Information provided:
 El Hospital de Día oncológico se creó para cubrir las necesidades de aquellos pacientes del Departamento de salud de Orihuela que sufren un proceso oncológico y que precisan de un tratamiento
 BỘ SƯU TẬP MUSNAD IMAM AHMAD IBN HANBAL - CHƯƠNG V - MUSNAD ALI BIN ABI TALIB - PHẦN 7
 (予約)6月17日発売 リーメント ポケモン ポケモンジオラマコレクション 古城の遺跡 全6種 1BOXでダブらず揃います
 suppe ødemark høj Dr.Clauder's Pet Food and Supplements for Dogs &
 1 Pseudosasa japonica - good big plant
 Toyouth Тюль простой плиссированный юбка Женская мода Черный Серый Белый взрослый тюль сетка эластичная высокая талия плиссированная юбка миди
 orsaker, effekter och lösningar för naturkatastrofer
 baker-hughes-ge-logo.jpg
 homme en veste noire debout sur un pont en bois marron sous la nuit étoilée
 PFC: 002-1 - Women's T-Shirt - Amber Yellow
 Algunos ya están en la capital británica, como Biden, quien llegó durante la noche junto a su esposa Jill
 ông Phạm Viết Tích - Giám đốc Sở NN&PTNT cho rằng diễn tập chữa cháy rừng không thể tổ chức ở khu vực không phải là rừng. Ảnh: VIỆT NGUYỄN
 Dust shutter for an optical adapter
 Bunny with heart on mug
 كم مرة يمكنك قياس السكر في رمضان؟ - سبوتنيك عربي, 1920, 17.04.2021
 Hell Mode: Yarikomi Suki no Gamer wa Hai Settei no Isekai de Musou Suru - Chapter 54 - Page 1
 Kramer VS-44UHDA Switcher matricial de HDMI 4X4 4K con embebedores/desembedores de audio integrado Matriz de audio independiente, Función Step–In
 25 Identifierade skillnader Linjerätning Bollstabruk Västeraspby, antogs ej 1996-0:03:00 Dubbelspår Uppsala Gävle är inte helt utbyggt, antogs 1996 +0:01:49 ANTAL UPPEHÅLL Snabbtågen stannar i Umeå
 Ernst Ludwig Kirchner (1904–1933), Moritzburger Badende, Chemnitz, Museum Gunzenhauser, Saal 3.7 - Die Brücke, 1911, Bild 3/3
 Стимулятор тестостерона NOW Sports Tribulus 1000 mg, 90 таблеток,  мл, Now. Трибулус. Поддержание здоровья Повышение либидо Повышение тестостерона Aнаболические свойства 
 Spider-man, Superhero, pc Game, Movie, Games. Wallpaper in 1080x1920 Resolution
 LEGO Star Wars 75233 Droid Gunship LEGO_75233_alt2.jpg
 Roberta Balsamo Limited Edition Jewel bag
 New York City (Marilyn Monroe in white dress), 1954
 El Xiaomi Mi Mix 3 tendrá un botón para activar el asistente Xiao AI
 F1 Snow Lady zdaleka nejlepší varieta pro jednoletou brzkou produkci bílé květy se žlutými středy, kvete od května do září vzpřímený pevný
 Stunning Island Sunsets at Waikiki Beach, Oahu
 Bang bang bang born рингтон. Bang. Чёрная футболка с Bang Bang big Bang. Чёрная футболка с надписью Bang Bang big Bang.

Task to carry out: Give the number of lines in the entries that contain "para", and add nothing.

Solution: 2